• Exercise brief: The reply is a verbatim copy of the listing below with its images dropped.

• Stored data:
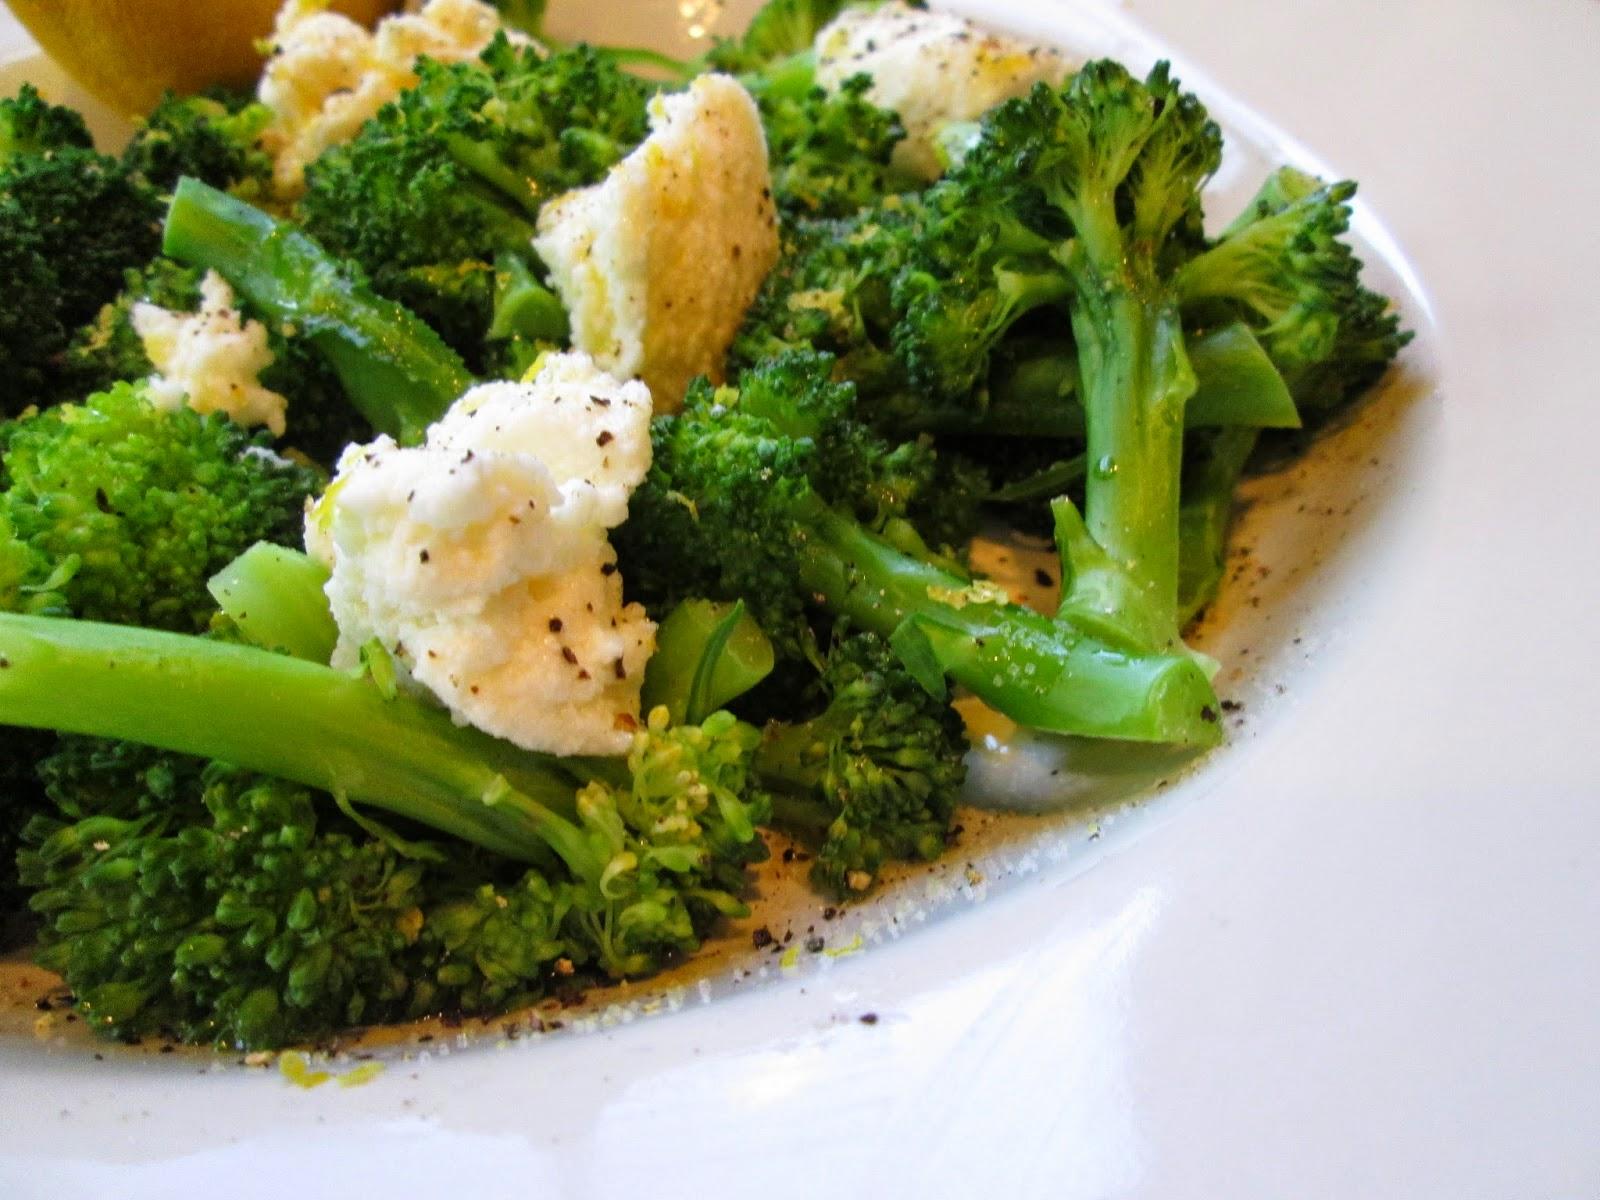 ... the Pot: Diana Henry's Broccoli with Ricotta, Lemon, and Parmesan
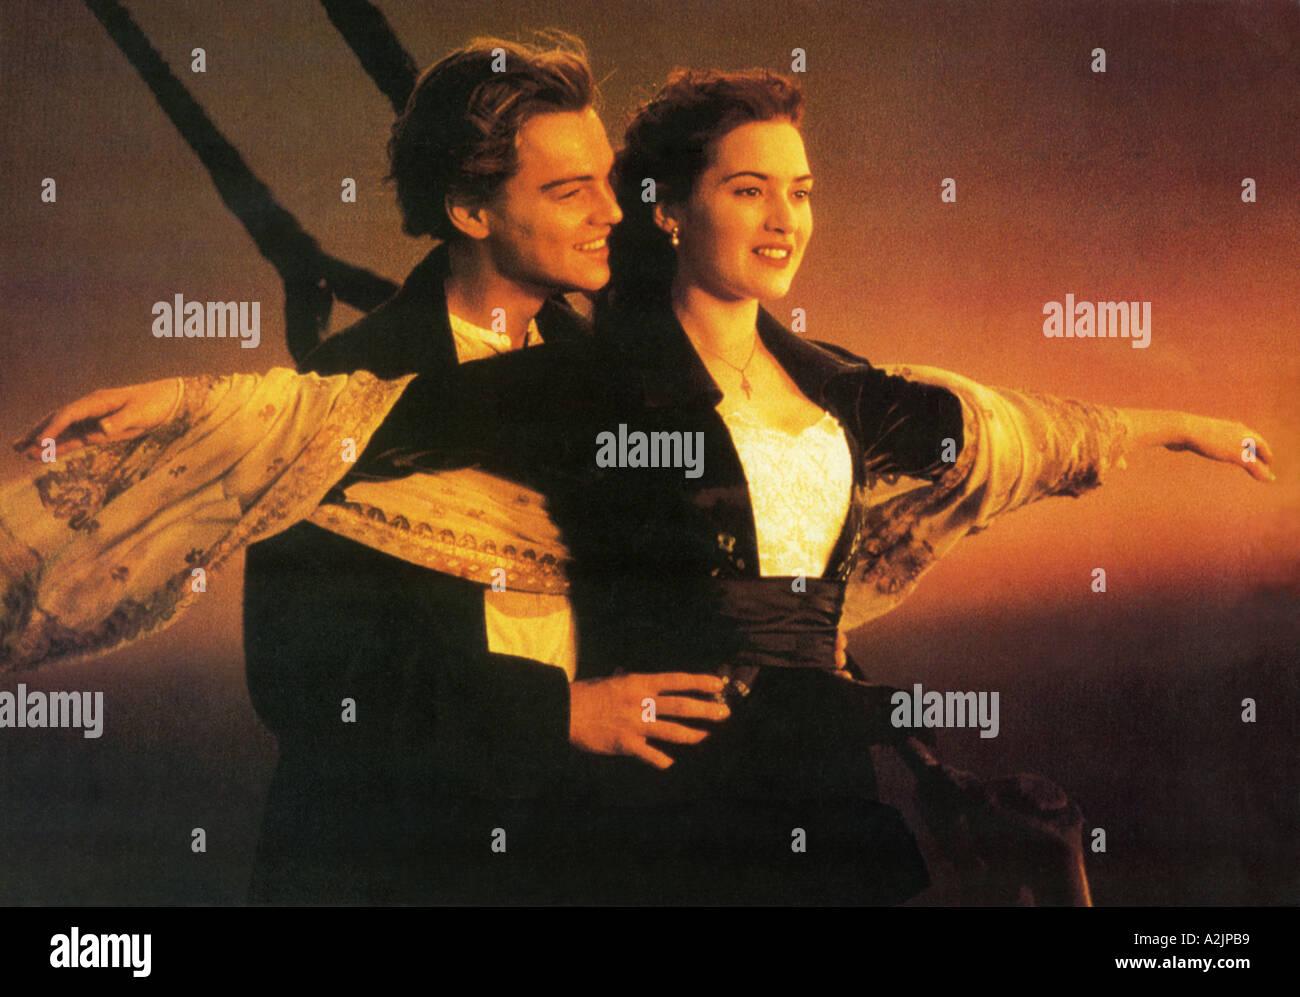 TITANIC premio Oscar 1997 film interpretato da Leonardo DiCaprio e Kate Winslet Foto Stock
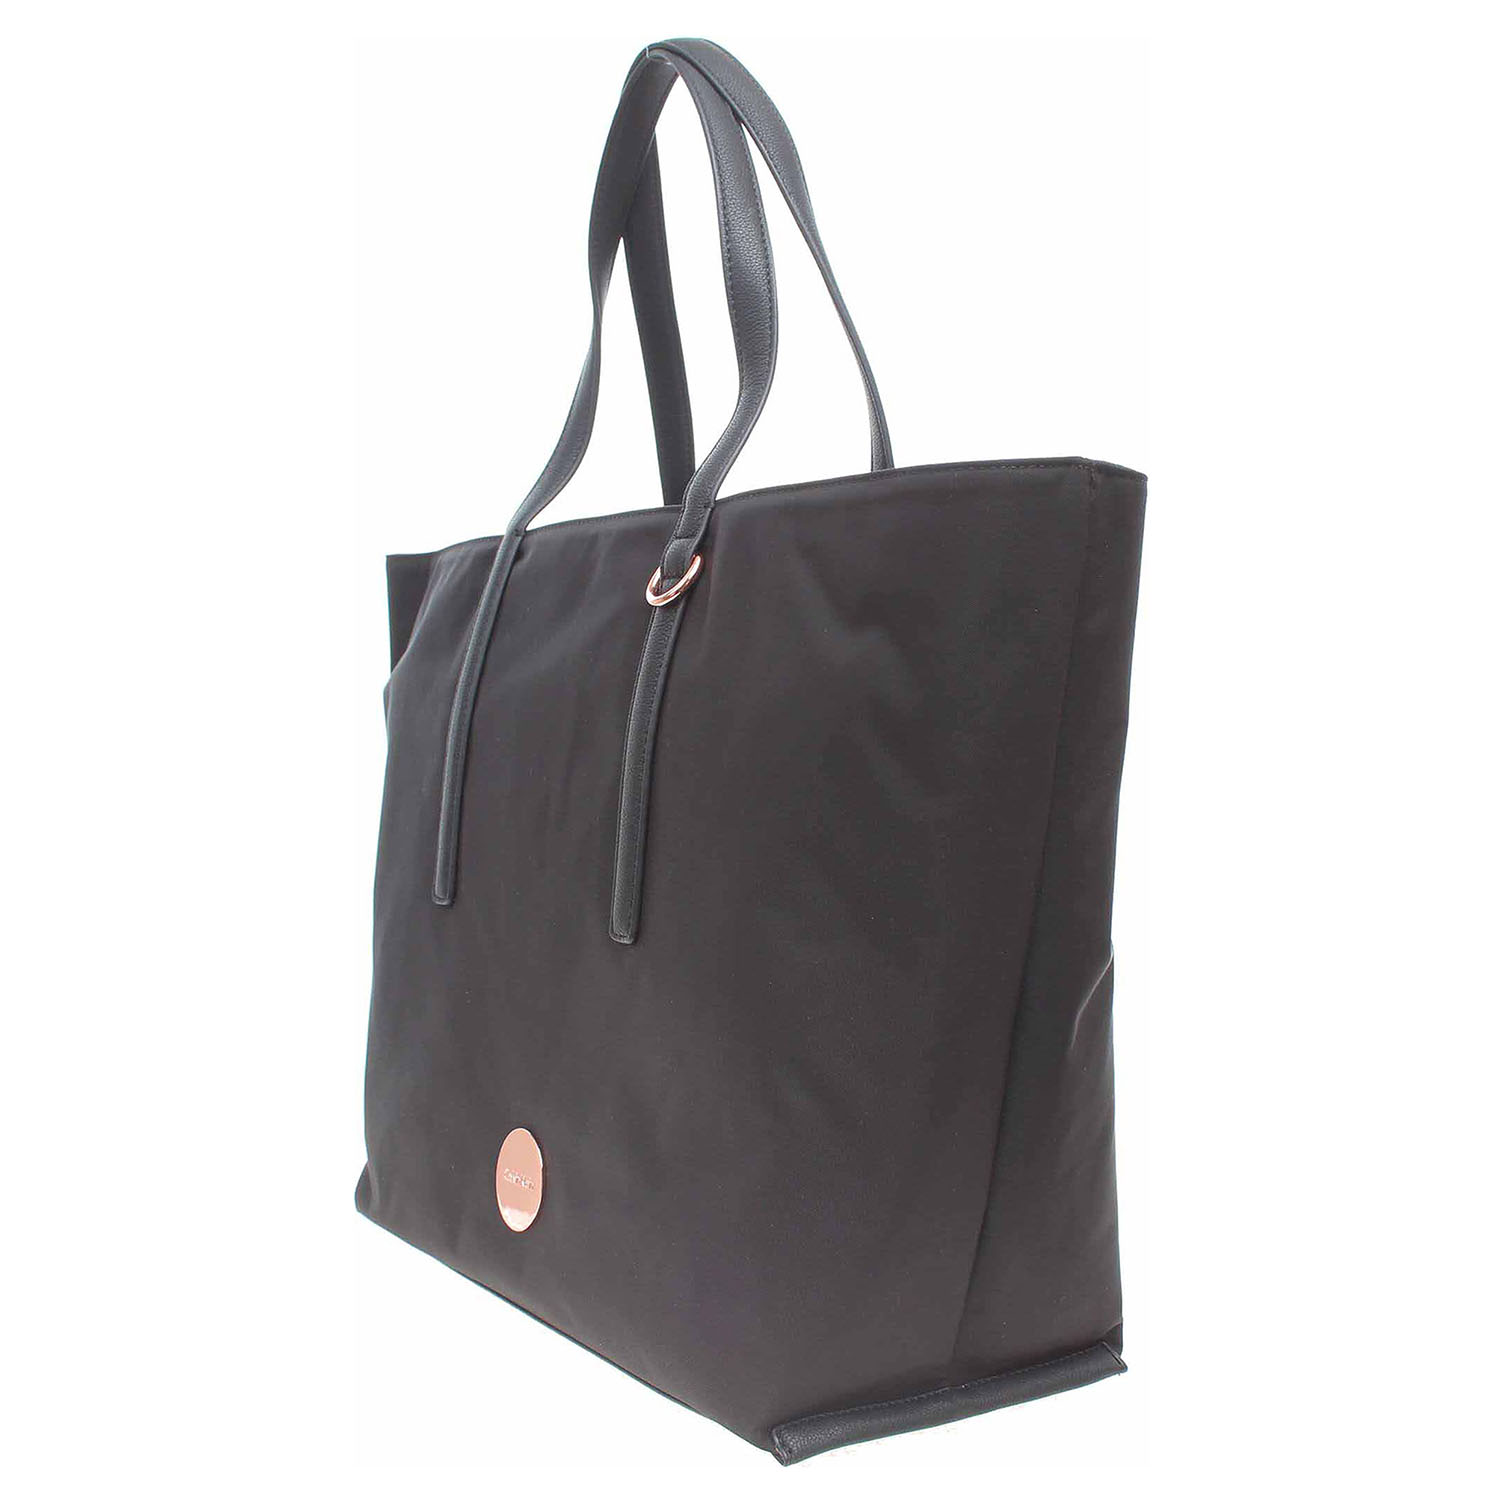 Ecco Calvin Klein dámská kabelka K60K602635001 černá 11891166
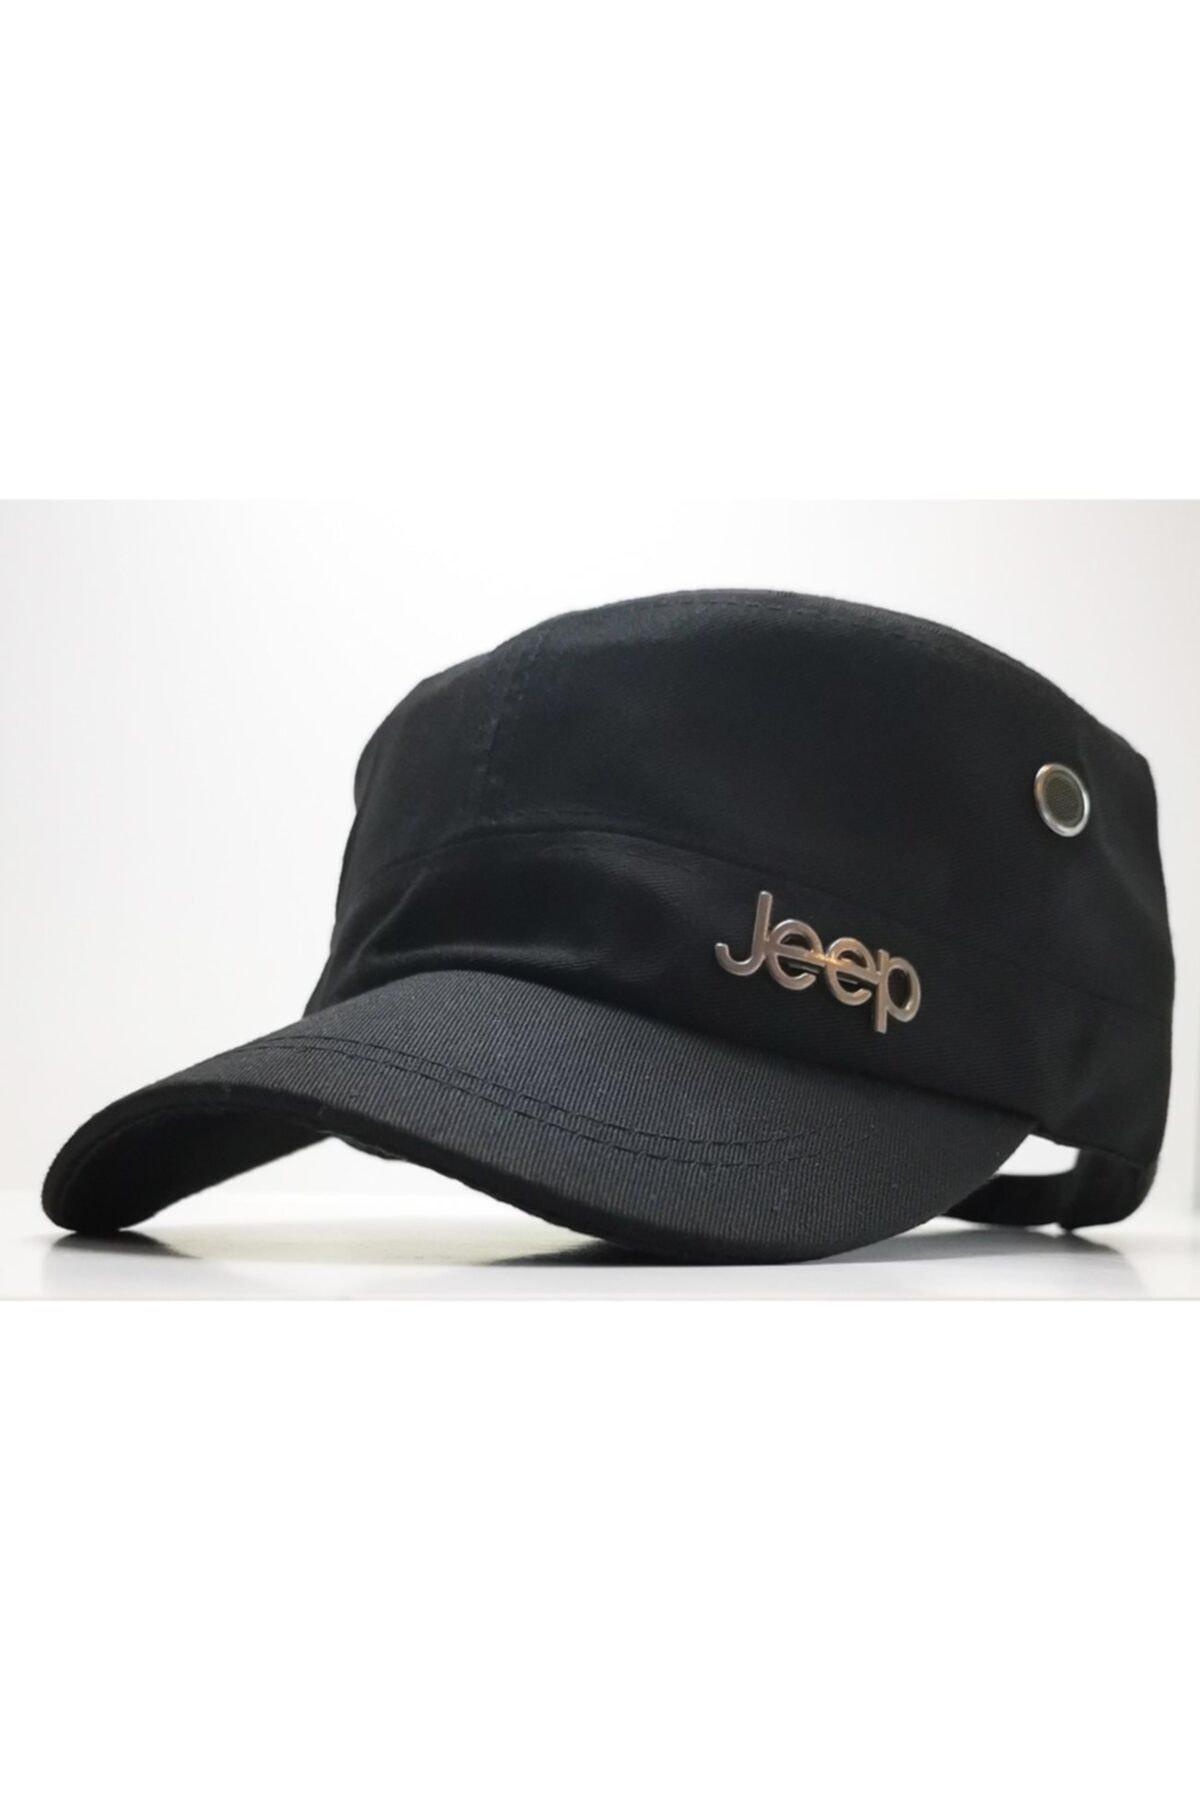 DMONA Jeep Castro Tarzı Siyah Şapka 1
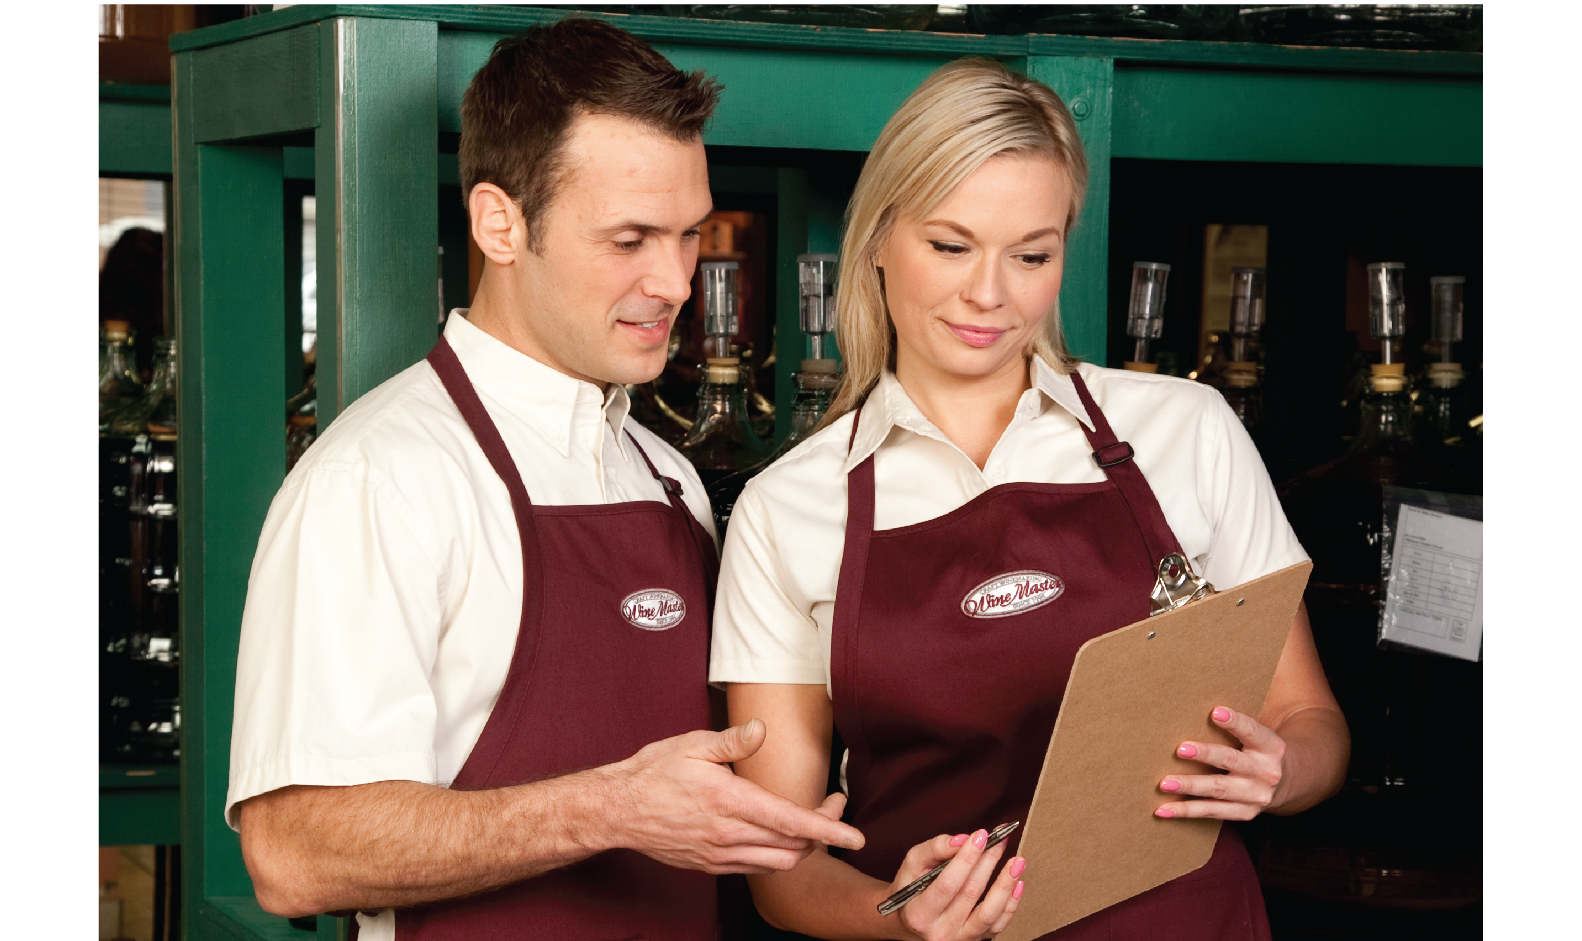 Customer Service and Hospitality

• Solution:
 ... the Pot: Diana Henry's Broccoli with Ricotta, Lemon, and Parmesan
 TITANIC premio Oscar 1997 film interpretato da Leonardo DiCaprio e Kate Winslet Foto Stock
 Ecco Calvin Klein dámská kabelka K60K602635001 černá 11891166
 DMONA Jeep Castro Tarzı Siyah Şapka 1
 Customer Service and Hospitality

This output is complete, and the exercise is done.